-- RECORDS FOR THIS EXERCISE follows --
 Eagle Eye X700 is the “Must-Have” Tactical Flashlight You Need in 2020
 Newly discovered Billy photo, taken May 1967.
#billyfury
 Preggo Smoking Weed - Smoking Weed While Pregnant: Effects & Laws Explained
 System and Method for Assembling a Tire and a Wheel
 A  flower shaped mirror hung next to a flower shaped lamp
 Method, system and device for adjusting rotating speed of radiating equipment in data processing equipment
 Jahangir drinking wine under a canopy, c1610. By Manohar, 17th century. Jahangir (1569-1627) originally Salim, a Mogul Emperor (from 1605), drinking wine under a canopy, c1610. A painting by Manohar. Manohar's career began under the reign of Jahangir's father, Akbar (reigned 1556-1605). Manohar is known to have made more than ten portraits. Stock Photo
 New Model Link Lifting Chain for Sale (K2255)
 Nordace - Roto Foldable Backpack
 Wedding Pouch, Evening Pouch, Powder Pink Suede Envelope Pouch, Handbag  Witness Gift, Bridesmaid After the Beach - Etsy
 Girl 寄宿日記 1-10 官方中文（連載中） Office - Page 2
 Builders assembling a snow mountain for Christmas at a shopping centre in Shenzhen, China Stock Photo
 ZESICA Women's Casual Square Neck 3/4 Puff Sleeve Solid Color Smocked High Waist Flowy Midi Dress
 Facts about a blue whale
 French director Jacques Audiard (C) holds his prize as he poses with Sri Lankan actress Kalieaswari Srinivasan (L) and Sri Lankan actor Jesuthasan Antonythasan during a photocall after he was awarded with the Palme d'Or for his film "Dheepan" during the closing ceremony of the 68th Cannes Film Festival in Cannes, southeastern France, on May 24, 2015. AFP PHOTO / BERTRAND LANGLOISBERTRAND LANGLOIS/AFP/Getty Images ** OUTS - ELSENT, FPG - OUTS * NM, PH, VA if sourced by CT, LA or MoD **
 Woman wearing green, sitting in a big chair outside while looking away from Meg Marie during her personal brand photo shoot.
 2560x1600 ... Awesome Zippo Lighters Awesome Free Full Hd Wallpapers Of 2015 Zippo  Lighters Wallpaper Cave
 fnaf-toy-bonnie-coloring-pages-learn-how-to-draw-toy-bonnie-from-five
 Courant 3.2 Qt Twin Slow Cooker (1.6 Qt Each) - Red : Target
-- RECORDS FOR THIS EXERCISE concluded --
### TASK DESCRIPTION
Return all of the entries exactly as written.

### REPLY TO THE TASK
 Eagle Eye X700 is the “Must-Have” Tactical Flashlight You Need in 2020
 Newly discovered Billy photo, taken May 1967.
#billyfury
 Preggo Smoking Weed - Smoking Weed While Pregnant: Effects & Laws Explained
 System and Method for Assembling a Tire and a Wheel
 A  flower shaped mirror hung next to a flower shaped lamp
 Method, system and device for adjusting rotating speed of radiating equipment in data processing equipment
 Jahangir drinking wine under a canopy, c1610. By Manohar, 17th century. Jahangir (1569-1627) originally Salim, a Mogul Emperor (from 1605), drinking wine under a canopy, c1610. A painting by Manohar. Manohar's career began under the reign of Jahangir's father, Akbar (reigned 1556-1605). Manohar is known to have made more than ten portraits. Stock Photo
 New Model Link Lifting Chain for Sale (K2255)
 Nordace - Roto Foldable Backpack
 Wedding Pouch, Evening Pouch, Powder Pink Suede Envelope Pouch, Handbag  Witness Gift, Bridesmaid After the Beach - Etsy
 Girl 寄宿日記 1-10 官方中文（連載中） Office - Page 2
 Builders assembling a snow mountain for Christmas at a shopping centre in Shenzhen, China Stock Photo
 ZESICA Women's Casual Square Neck 3/4 Puff Sleeve Solid Color Smocked High Waist Flowy Midi Dress
 Facts about a blue whale
 French director Jacques Audiard (C) holds his prize as he poses with Sri Lankan actress Kalieaswari Srinivasan (L) and Sri Lankan actor Jesuthasan Antonythasan during a photocall after he was awarded with the Palme d'Or for his film "Dheepan" during the closing ceremony of the 68th Cannes Film Festival in Cannes, southeastern France, on May 24, 2015. AFP PHOTO / BERTRAND LANGLOISBERTRAND LANGLOIS/AFP/Getty Images ** OUTS - ELSENT, FPG - OUTS * NM, PH, VA if sourced by CT, LA or MoD **
 Woman wearing green, sitting in a big chair outside while looking away from Meg Marie during her personal brand photo shoot.
 2560x1600 ... Awesome Zippo Lighters Awesome Free Full Hd Wallpapers Of 2015 Zippo  Lighters Wallpaper Cave
 fnaf-toy-bonnie-coloring-pages-learn-how-to-draw-toy-bonnie-from-five
 Courant 3.2 Qt Twin Slow Cooker (1.6 Qt Each) - Red : Target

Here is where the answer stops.